On Tue, Nov 29, 2022 at 7:51 PM Jeff Davis <pgsql(at)j-davis(dot)com> wrote:
> On Sat, 2022-11-26 at 18:27 +1300, Thomas Munro wrote:
> > On Thu, Nov 24, 2022 at 5:48 PM Thomas Munro <thomas(dot)munro(at)gmail(dot)com>
> > wrote:
> > > On Thu, Nov 24, 2022 at 3:07 PM Jeff Davis <pgsql(at)j-davis(dot)com>
> > > wrote:
> > > > I'd vote for 1 on the grounds that it's easier to document and
> > > > understand a single collation version, which comes straight from
> > > > ucol_getVersion(). This approach makes it a separate problem to
> > > > find
> > > > the collation version among whatever libraries the admin can
> > > > provide;
> > > > but adding some observability into the search should mitigate any
> > > > confusion.
> > >
> > > OK, it sounds like I should code that up next.
> >
> > Here's the first iteration.
>
> Thank you.

Thanks for the review. Responses further down. And thanks also for
the really interesting discussion about how the version numbers work
(or in some cases, don't work...), and practical packaging and linking
problems.

To have a hope of making something happen for PG16, which I think
means we need a serious contender patch in the next few weeks, we
really need to make some decisions. I enjoyed trying out
search-by-collversion, but it's still not my favourite. On the ballot
we have two main questions:

1. Should we commit to search-by-collversion, or one of the explicit
library version ideas, and if the latter, which?
2. Should we try to support being specific about minor versions (in
various different ways according to the choice made for #1)?

My tentative votes are:

1. I think we should seriously consider provider = ICU63. I still
think search-by-collversion is a little too magical, even though it
clearly can be made to work. Of the non-magical systems, I think
encoding the choice of library into the provider name would avoid the
need to add a second confusing "X_version" concept alongside our
existing "X_version" columns in catalogues and DDL syntax, while still
making it super clear what is going on. This would include adding DDL
commands so you can do ALTER DATABASE/COLLATION ... PROVIDER = ICU63
to make warnings go way.

2. I think we should ignore minor versions for now (other than
reporting them in the relevant introspection functions), but not make
any choices that would prevent us from changing our mind about that in
a later release. For example, having two levels of specificity ICU
and ICU68 in the libver-in-provider-name design wouldn't preclude us
from adding support for ICU68_2 later

I haven't actually tried that design out in code yet, but I'm willing
to try to code that up very soon. So no new patch from me yet. Does
anyone else want to express a view?

> Proposed changes:
>
> * I attached a first pass of some documentation.

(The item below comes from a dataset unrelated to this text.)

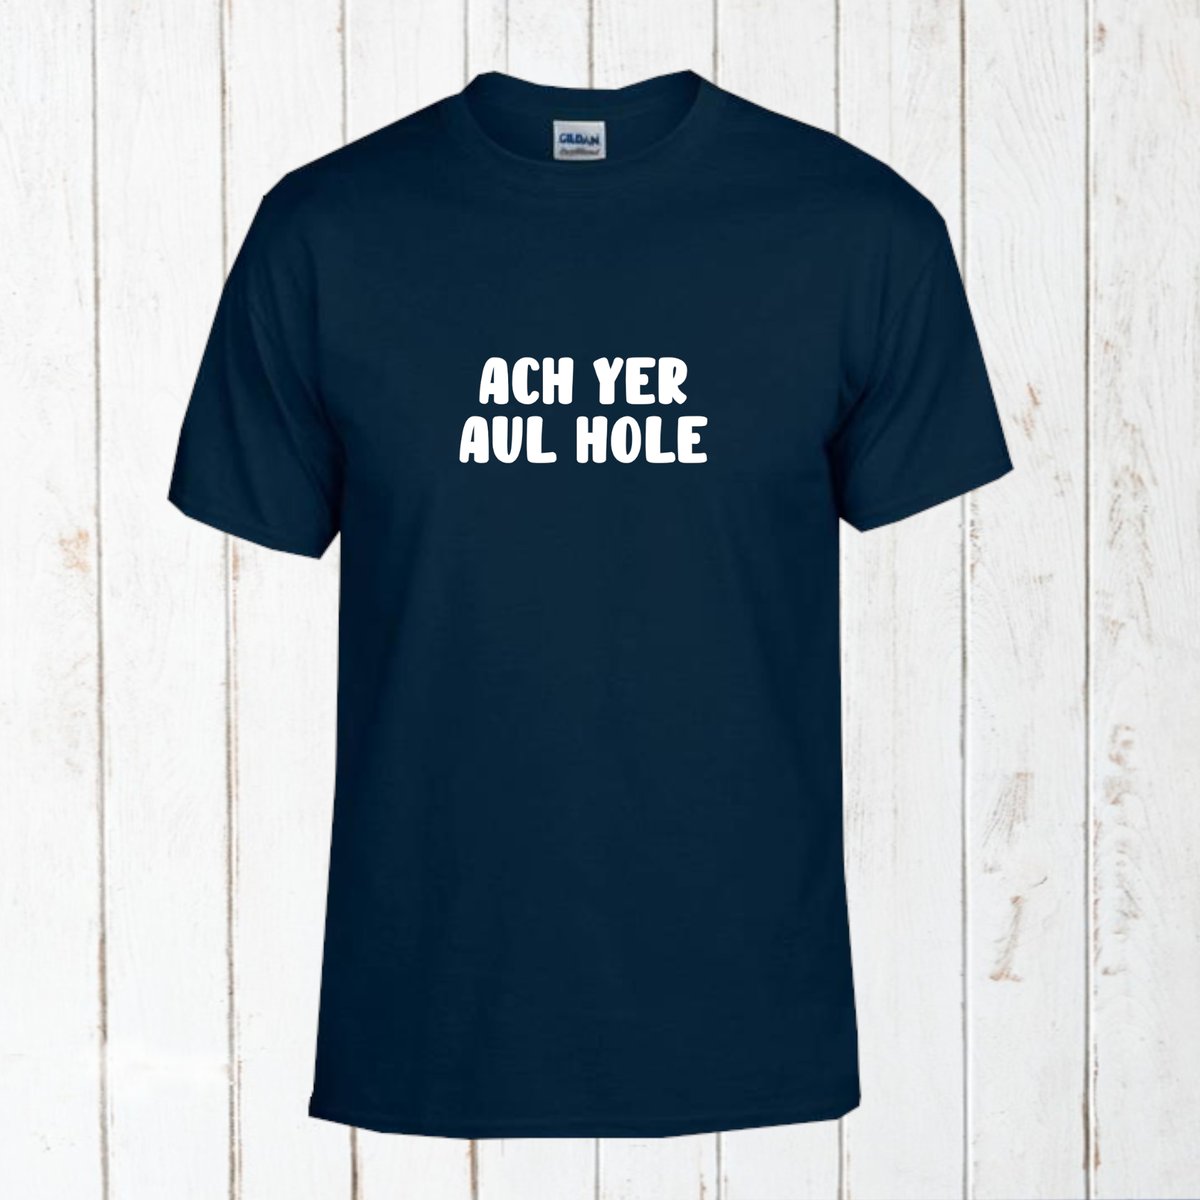 Ach Yer Aul Hole! T-Shirt

Thanks. Looks pretty good, and much of it would stay if we changed to
one of the other models.

> * Should be another GUC to turn WARNING into an ERROR. Useful at least
> for testing; perhaps too dangerous for production.

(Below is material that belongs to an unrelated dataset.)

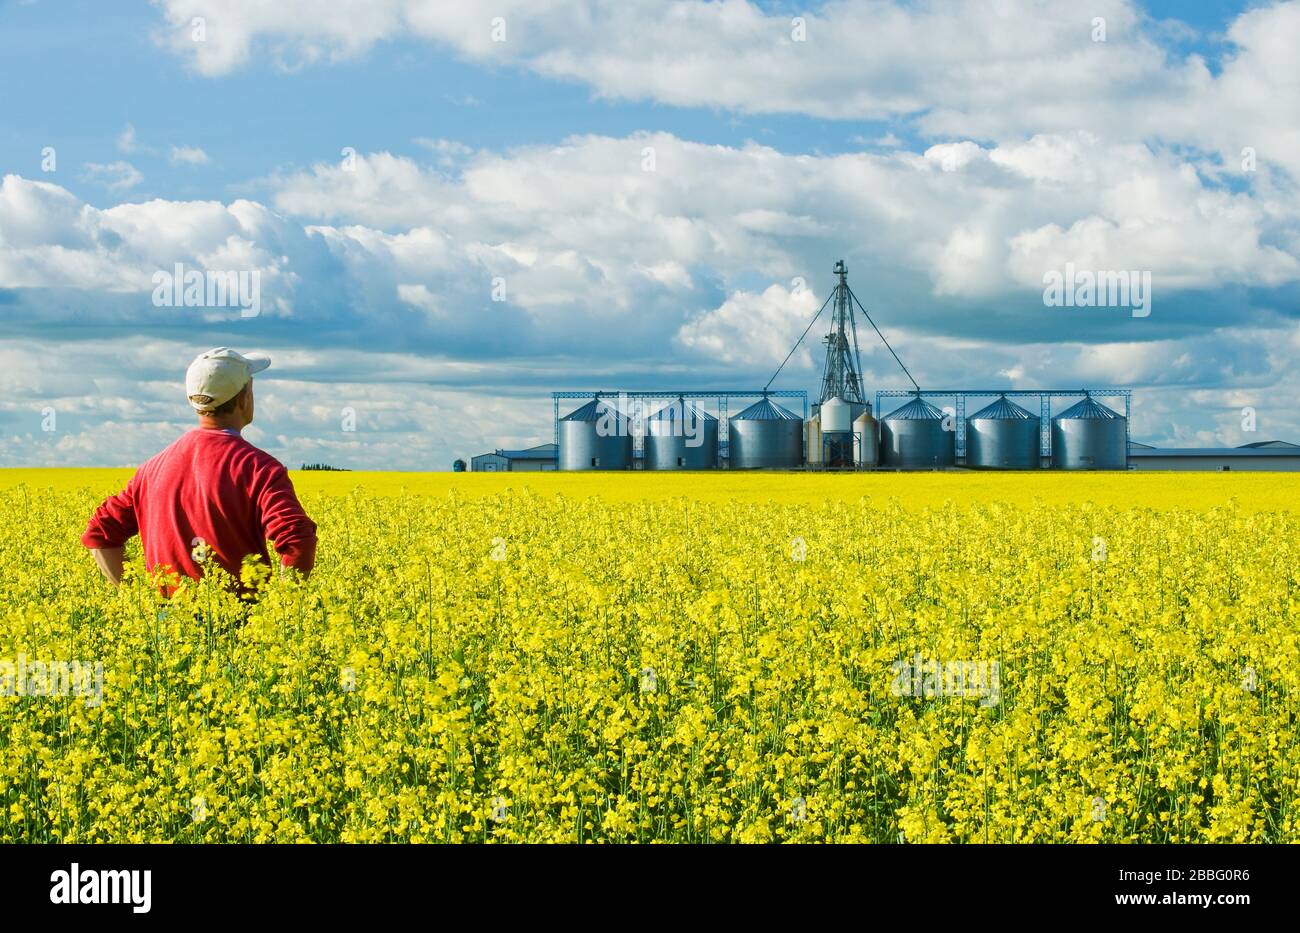 Un agricultor en un campo de canola en etapa de floración con una estructura de manejo de grano, incluyendo silos de almacenamiento, en el fondo, cerca de Somerset, Manitoba, Canadá Foto de stock

OK, will add that into the next version.

> * The libraries should be loaded in a more diliberate order. The "*"
> should be expanded in a descending fashion so that later versions are
> preferred.

Yeah, I agree.

> * GUCs should be validated.

Will do.

> * Should validate that loaded library has expected version.

Will do.

> * We need to revise or remove pg_collation_actual_version() and
> pg_database_collation_actual_version().

I never liked that use of the word "actual"...

> * The GUCs are PGC_SUSET, but don't take effect because
> icu_library_list_fully_loaded is never reset.

True. Just rought edges because I was trying to prototype
search-by-collversion fast. Will consider this for the next version.

> * The extra collations you're adding at bootstrap time are named based
> on the library major version. I suppose it might be more "proper" to
> name them based on the collation version, but that would be more
> verbose, so I won't advocate for that. Just pointing it out.

Ah, yes, the ones with names like "en-US-x-icu68". I agree that made
a little less sense in the search-by-collversion patch. Maybe we
wouldn't want these at all in the search-by-collversion model. But I
think they're perfect the way they are in the provider = ICU68 model.
The other idea I considered ages ago was that we could use namespaces:
you could "icu68.en-US", or just "en-US" in some contexts to get what
your search path sees, but that all seemed a little too cute and not
really like anything else we do with system-created catalogues, so I
gave that idea up.

> * It looks hard (or impossible) to mix multiple ICU libraries with the
> same major version and different minor versions. That's because,
> e.g., libicui18n.so.63.1 links against libicuuc.63 and libicudata.63,
> and when you install ICU 63.2, those dependencies get clobbered with
> the 63.2 versions. That fails the sanity check I proposed above about
> the library version number matching the requested library version
> number. And it also just seems wrong -- why would you have minor-
> version precision about an ICU library but then only major-version
> precision about the ICU dependencies of that library? Doesn't that
> defeat the whole purpose of this naming scheme? (Maybe another ICU
> bug?).

I don't think it's a bug exactly. That scheme is designed to
advertise ABI stability, and not intended to support parallel
installation of minor versions. It does seem a little silly for
libraries that are shipped together as one atomic unit not to use
fully qualified dependency names, though.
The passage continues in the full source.